Jaelani (2019) mengungkapkan bagaimana pemerintah kolonial Hindia Belanda menyatukan aspek moralitas dan kesehatan ke dalam tata kelola sosial mereka. Melalui regulasi yang memadukan kontrol administratif dengan penilaian moral, negara tidak hanya mengatur tubuh tetapi juga mendisiplinkan seksualitas masyarakat. Jejak kolonial ini nyatanya masih mewarnai kebijakan kontemporer saat ini, terutama dalam kuatnya penekanan kontrol terhadap apa yang dilabeli sebagai “perilaku seksual berisiko”.

Sebelum intervensi kolonial, banyak kosmologi lokal di Indonesia memahami kesehatan secara relasional dan komunal. Dalam pandangan ini, penyakit tidak dilihat sebagai kegagalan pribadi, melainkan sebagai gangguan terhadap keseimbangan antara individu, komunitas, dan alam semesta.

Kolonialisme Barat membawa cara pandang baru yang menekankan tanggung jawab individu. Logika medis ini kemudian bertemu dengan pengaruh agama-agama formal yang memperketat aturan moral masyarakat. Akibatnya, kepercayaan lokal yang dulunya mengutamakan kebersamaan mulai ditinggalkan. Penyakit tidak lagi dianggap sebagai masalah sosial, melainkan dicap sebagai “kegagalan moral” seseorang.

​Melalui proses ini, penyakit seperti HIV tidak lagi dipahami sebagai dampak dari ketimpangan struktural atau masalah sosial yang luas. Sebaliknya, ia direduksi menjadi persoalan ‘dosa’ atau kesalahan perilaku individu.

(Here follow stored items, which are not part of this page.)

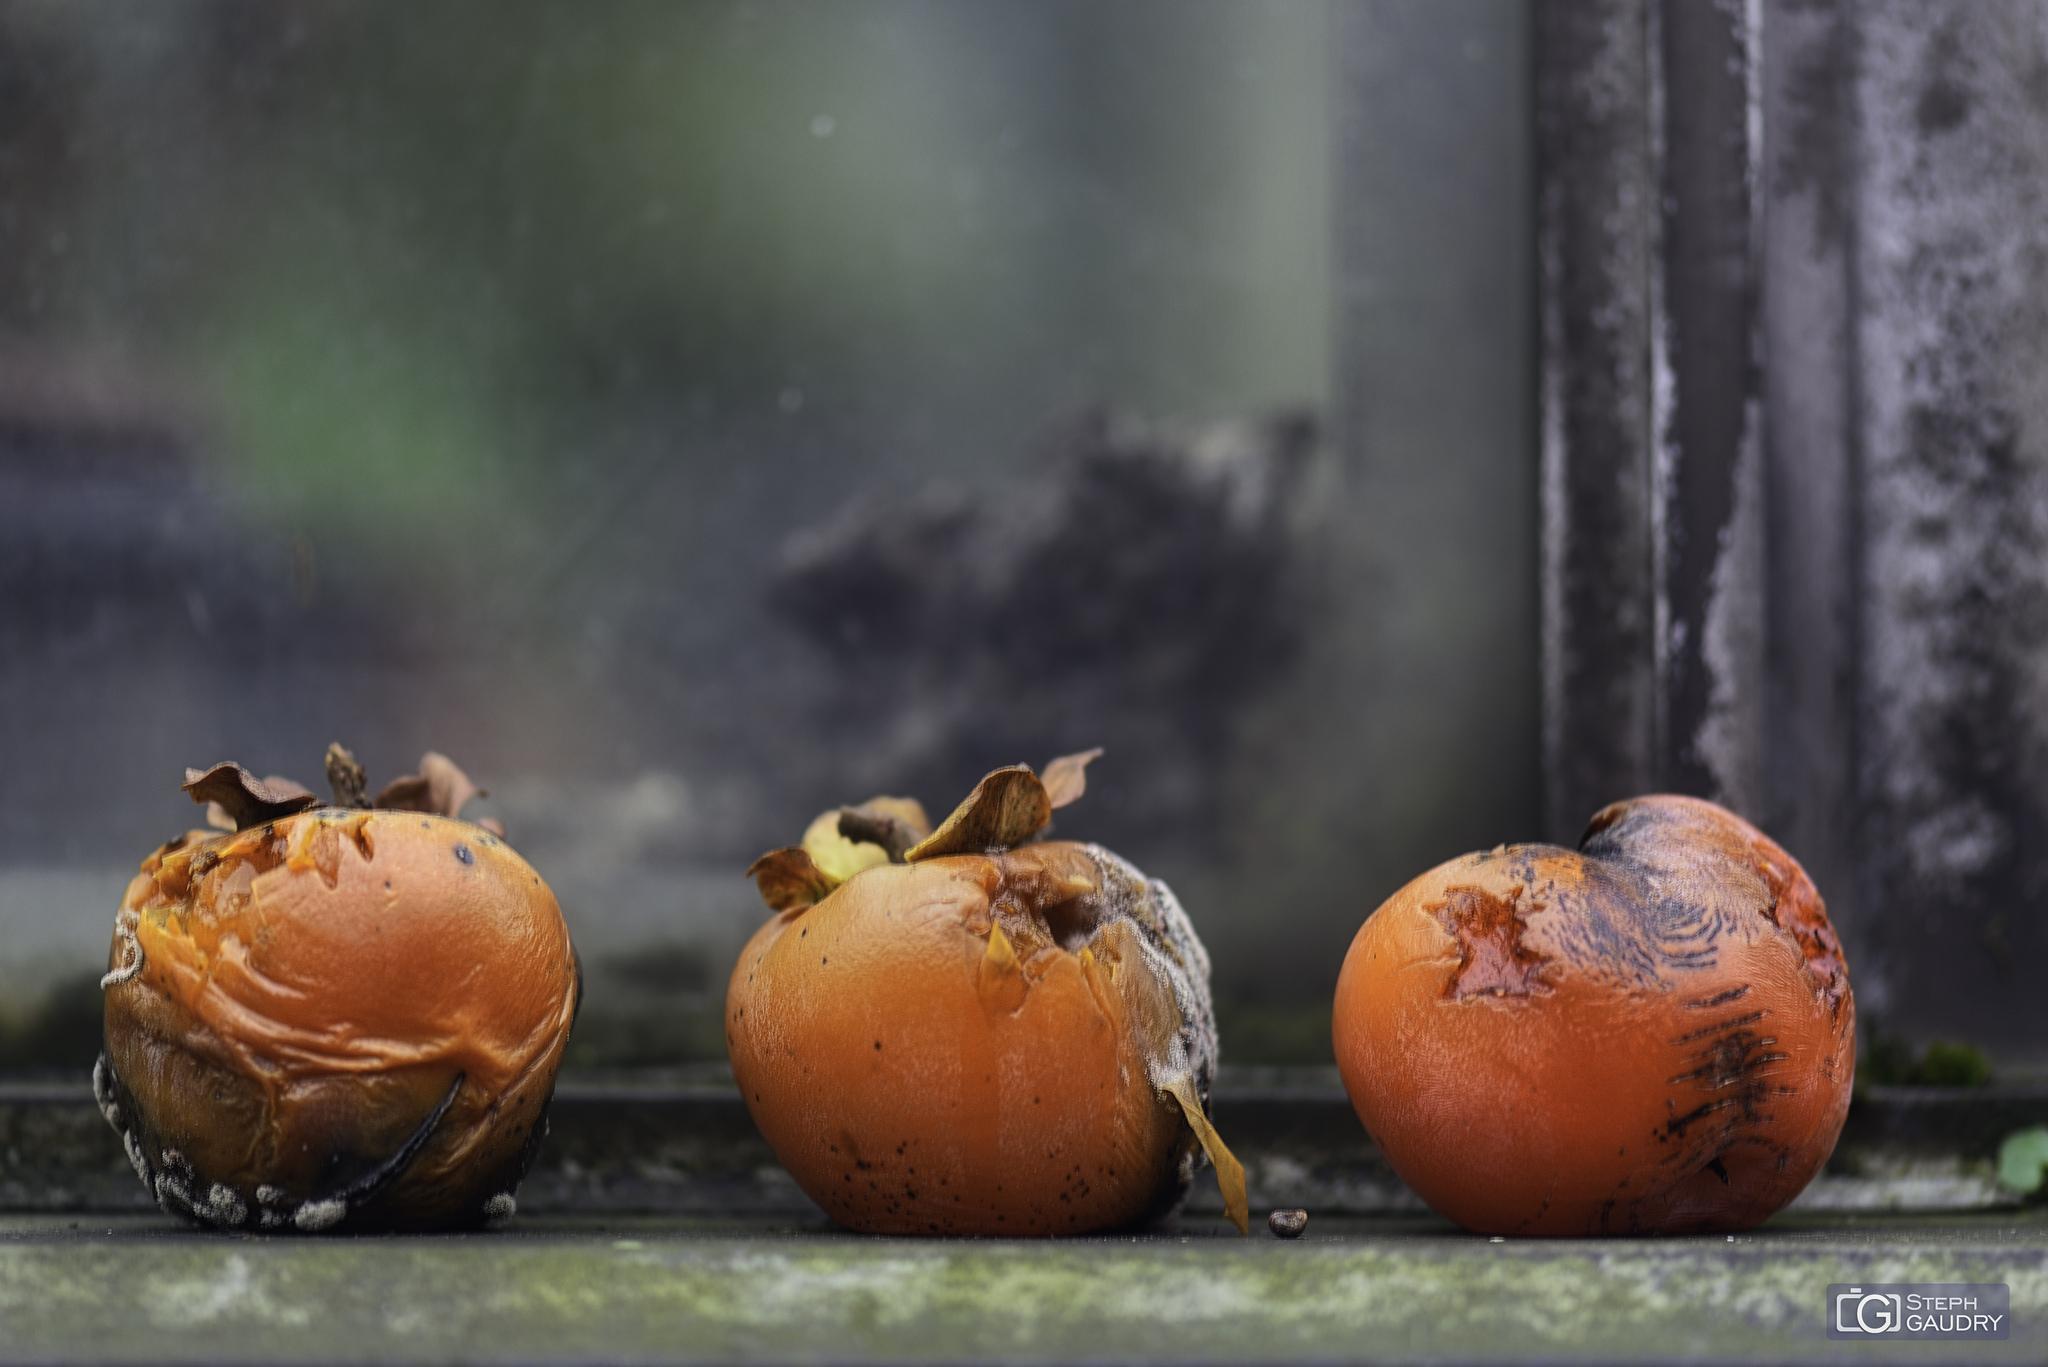 Les trois belles tomates colorées [Cliquez pour lancer le diaporama]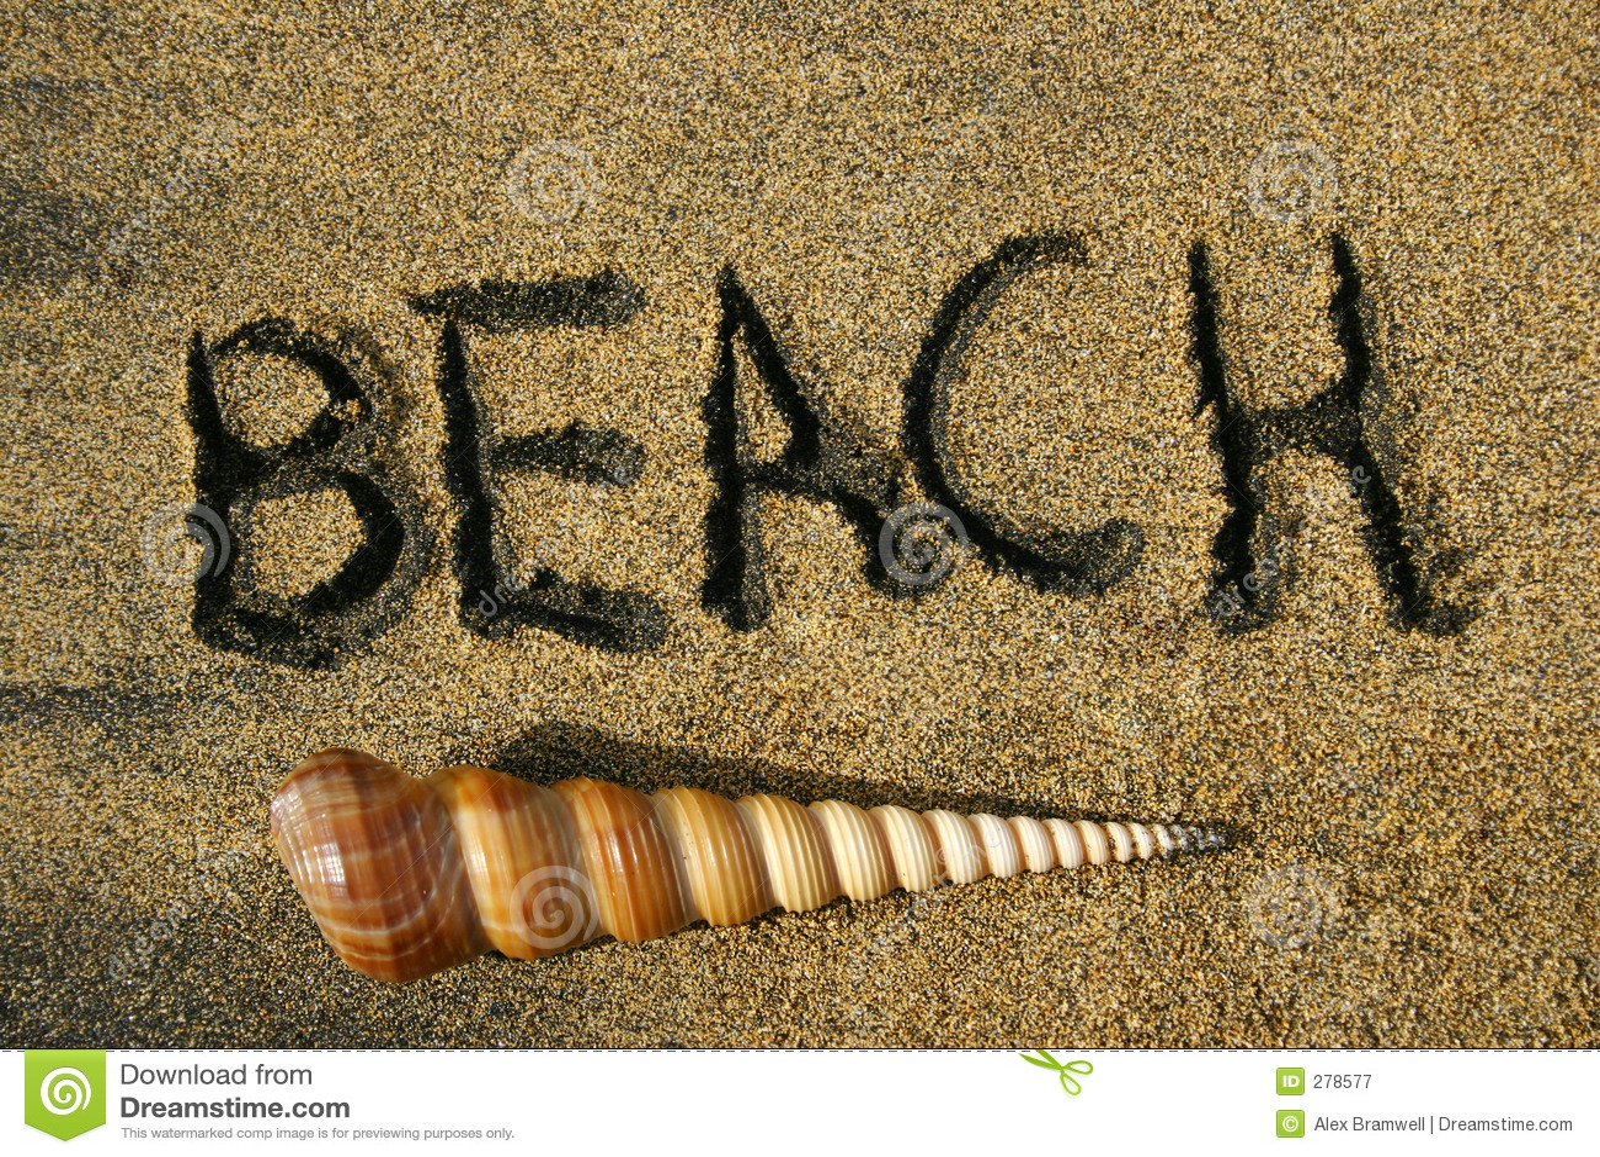 Strand Deze Manier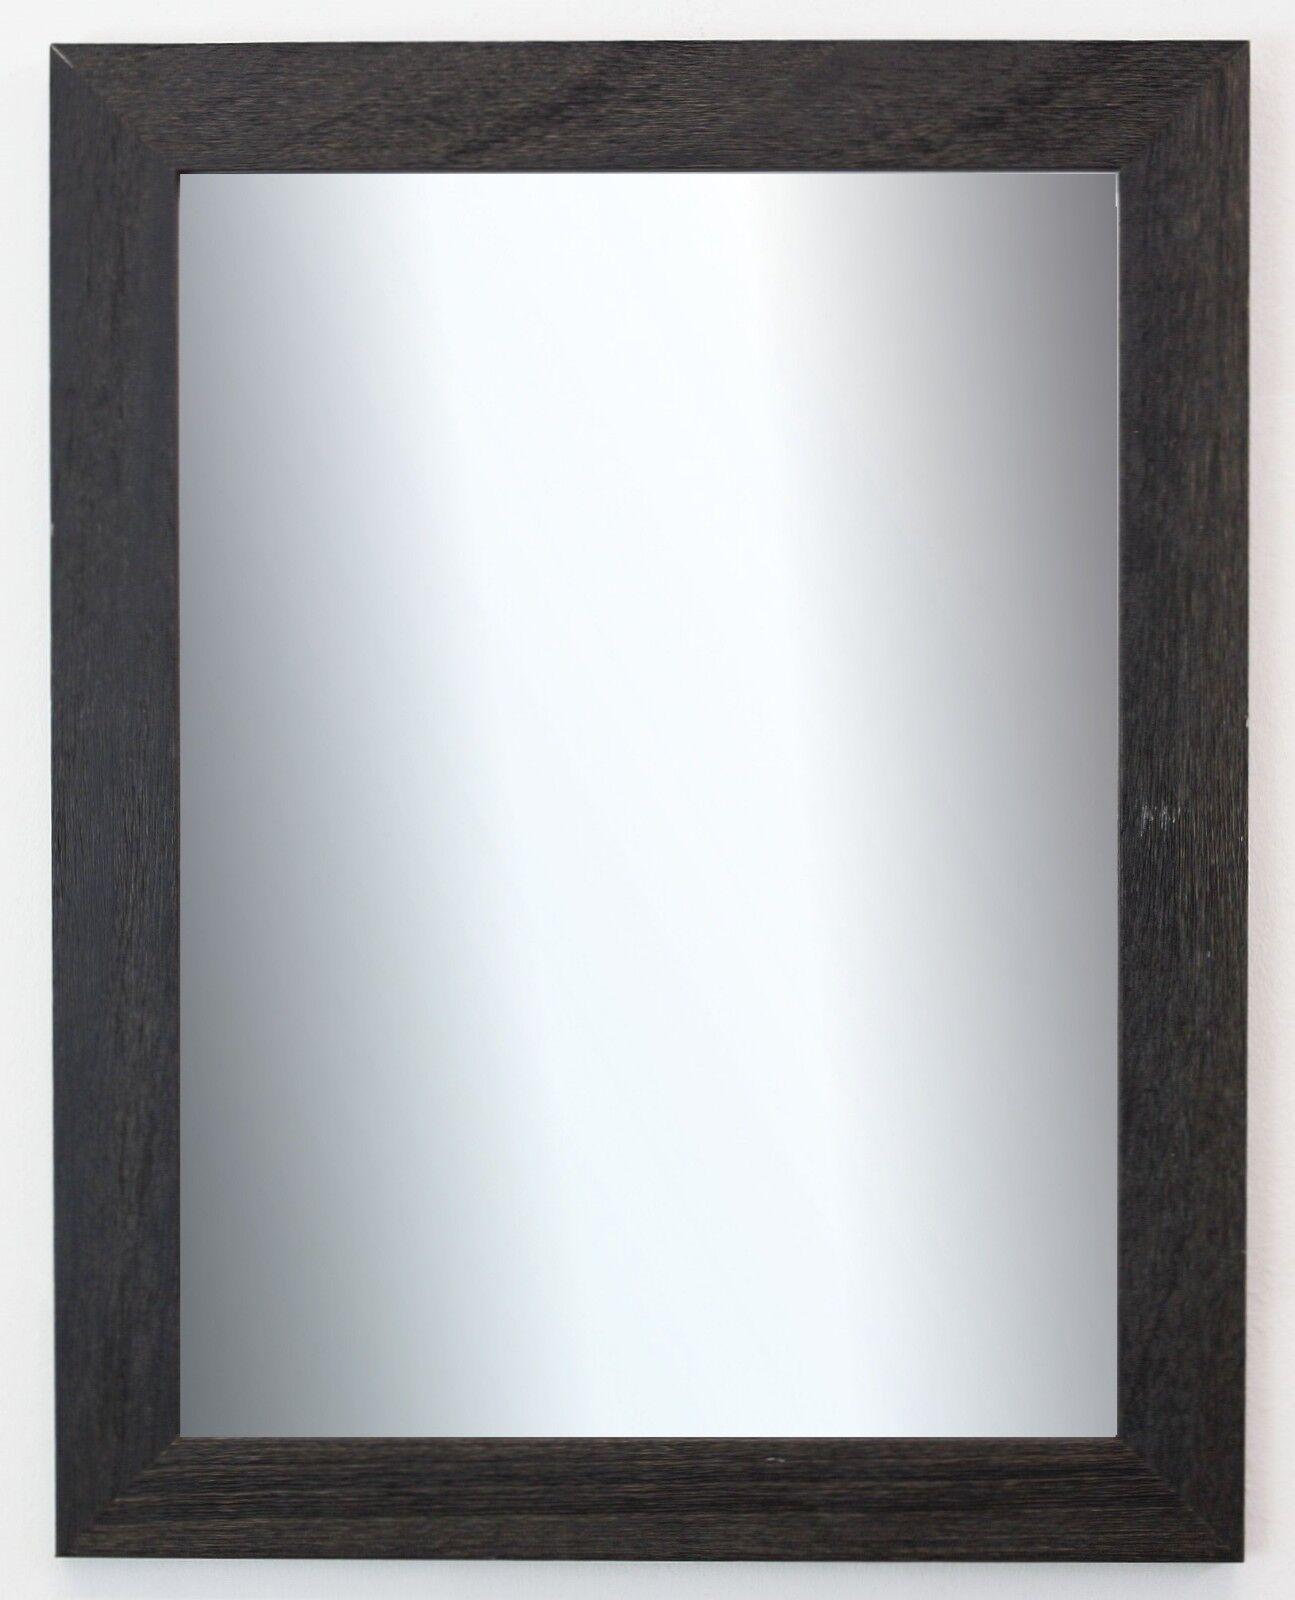 Wandspiegel Schwarz Struktur Florenz Landhaus Shabby 4,0 - NEU alle Größen

Pergeseran inilah yang menjadi akar mengapa penderita HIV sering kali dikucilkan; mereka dianggap telah gagal menjaga kesalehan pribadinya, bukan sebagai anggota komunitas yang membutuhkan pemulihan bersama.

Dengan demikian, keterkaitan antara HIV dan agama tidak bisa dipahami semata sebagai ekspresi budaya. Ia terbentuk dalam sejarah panjang kolonialitas yang mengkonstruksi  standar tentang tubuh, seksualitas, dan kesalehan.

Bahasa, Stigma, dan Agensi Anak Muda

Selama HIV terus dibicarakan sebagai konsekuensi dosa atau kegagalan moral, stigma akan tetap bertahan. Mengubah kebijakan tanpa mengubah bahasa hanya akan menghasilkan pergeseran administratif, bukan transformasi sosial. Dalam perspektif analisis wacana, perubahan praktik sosial dimulai dari perubahan cara berbicara (Fairclough, 2003). Jika bahasa moral digeser menuju bahasa hak, keadilan, dan struktur, maka makna sosial HIV juga dapat bergeser.

Sebagai Orang dengan HIV dan bagian dari komunitas advokasi HIV penulis menyadari bahwa stigma sering kali hadir lebih dulu dalam bahasa sebelum ia terasa dalam perlakuan langsung. Ia muncul dalam candaan, dalam khotbah, dalam diskusi kebijakan yang berbicara tentang tubuh seolah-olah tubuh itu milik publik.

Di sinilah peran anak muda menjadi signifikan. Melalui jaringan advokasi berbasis komunitas seperti Inti Muda Jawa Barat, generasi muda tidak lagi memposisikan diri sebagai objek intervensi atau sekadar angka dalam laporan donor. Mereka memproduksi narasi alternatif, menolak bahasa birokrasi yang kaku, dan menegaskan bahwa pengalaman hidup mereka adalah sumber pengetahuan yang sah.

Intervensi terhadap ideologi memerlukan produksi makna baru yang menantang asosiasi lama (van Dijk, 2006). Ketika anak muda berbicara tentang HIV dalam kerangka hak dan kemanusiaan, mereka bukan hanya menantang stigma. Mereka sedang membongkar sistem kategorisasi yang mengubah penyakit menjadi penghakiman.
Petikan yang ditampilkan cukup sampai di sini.